I agree with @steffahn on just how awesome clippy is! I find myself running it as often as I build.


Rust's match statement is pretty powerful. Instead of matching the length of the list, you can actually match the list itself (technically it's called a 'slice' though :slight_smile:). So for median you could instead do:

match list {
    [] => None,                        // empty list
    [val] => Some(val),   // list only has 1 element
    _ => Some(get_median_value(list)),  // otherwise
}

This also ties into the fact that get_median_value doesn't need to return an Option.
Both of the branches always return Some, so might as well just drop the Optionness! :slight_smile:
And this makes logical sense. That function only gets called when the list isn't empty.
And a non-empty list will always have a median.

Personally, I'd be tempted to add assert!(!list.is_empty); at the top of get_median_value.
It doesn't change the behavior - if an empty list did get passed, both branches would panic anyways.
But I find asserts really helpful when reading the function (like a kind of documentation)

Also, you can pass custom messages, which are much nicer when debugging:
assert!(!list.is_empty(), "empty list was passed to 'get_media_value'!");
compared to what select_nth_unstable would panic with:
partition_at_index index 0 greater than length of slice 0
Although Rust has awesome error messages in general... some are still more cryptic than others!


For the mode function,
Rust has 3 'flavors' of iterators, corresponding to the 3 ways types can be passed around.

  • iter operates on an immutable borrow of a thing, and gives you immutable borrows (&u32 here).
  • iter_mut operates on a mutable borrow, and gives you mutable borrows (&mut u32 here).
  • into_iter operates on owned values, and gives you the values directly (u32 here).

(from the official docs: std::iter - Rust)

iter is always available. iter_mut can only be used if you have mutable access.
into_iter can only be used if you own the data, and once you've called into_iter, that data is consumed (unless you collect it into a new container or something).

Here I think into_iter is more appropriate than iter.
We own the HashMap and it's about to get thrown away anyways (when the function ends), so there's no problem consuming it. And because it works on values, you could drop the & in the closures:

-        .filter(|(_, &value)| value == max_value)
+        .filter(|(_, value)| value == max_value)

And same for the one in map. Right now you need these because iter gives you borrows, so you need to get to the actual value.

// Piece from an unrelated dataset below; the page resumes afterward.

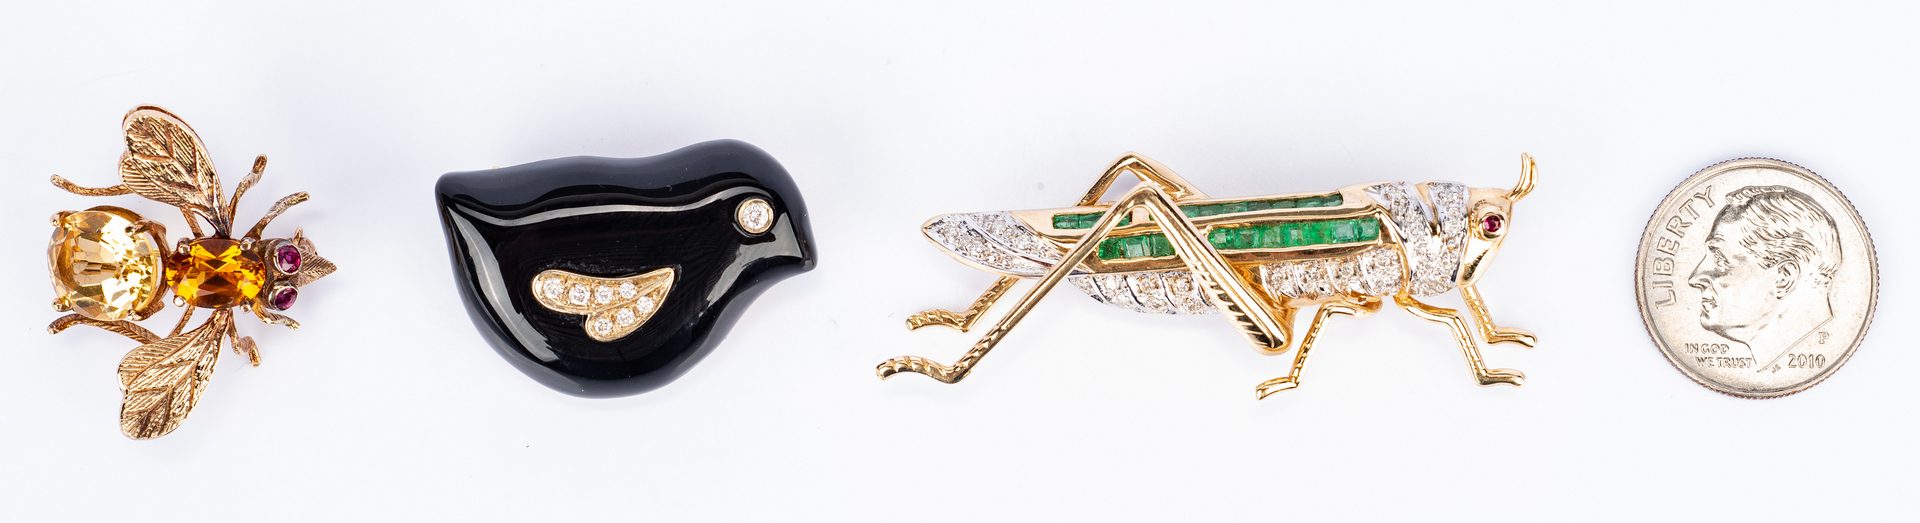 Lot 438: 3 Gemstone Insect and Bird Pins

Whereas into_iter will just give you the values with no fan-fare.

Also, I generally prefer into_iter (where it makes sense and is possible), since my gut feels like there's more room for optimization with it than the others. Since the values are being moved, and the container can be ripped apart, since it's being consumed anyways... buut take it with a grain of salt!! : v)

1 Like

A few things for your median.

  1. I would take &mut [] as the argument of median and let the user of the function clone the vector or slice if he wants to keep the old state and document that in the function doc comment. Of course you code argue, that that's too much to decide for the user and leave it &[] and clone it inside the function like you did. I'd always lean towards not allocating inside the function but let the user of the function make an allocation.
  2. If you decide, that select_nth_unstable is better than sort_unstable then I would use it for both the even and the odd case
use std::collections::HashMap;
 
fn main() {
    let list_1 = vec![2, 2, 1, 4, 2];

    let median = median(&mut list_1.clone()).unwrap_or(0);
    println!("Median: {}", median);

    println!("mode: {:?}", mode(&list_1));
}

/// Median has to partialy sort the slice. Clone it before passing it to this function if you want to avoid changing your data.
fn median(list: &mut [u32]) -> Option<u32> {
    let len = list.len();

    match len {
        0 => None,
        1 => Some(list[0]),
        _ => Some(get_median_value(list, len)),
    }
}

fn get_median_value(list: &mut [u32], len: usize) -> u32 {
    if len % 2 == 0 {
        let (_, x, rest) = list.select_nth_unstable(len/2 - 1);
        let (_, y, _) = rest.select_nth_unstable(0);
        (*x + *y) / 2
    } else {
        let (_, mid, _) = list.select_nth_unstable(len / 2);
        *mid
    }
}

Here are few more things I would change. See code.
Also, I added test cases so you can see how easy that is to do in rust. Doing this is realized, that you probably want to return a float for the median, otherwise you have integer division when the list has an even length. Or maybe you want that, but then I would also document that. I don't know how median is supposed to behave canonically.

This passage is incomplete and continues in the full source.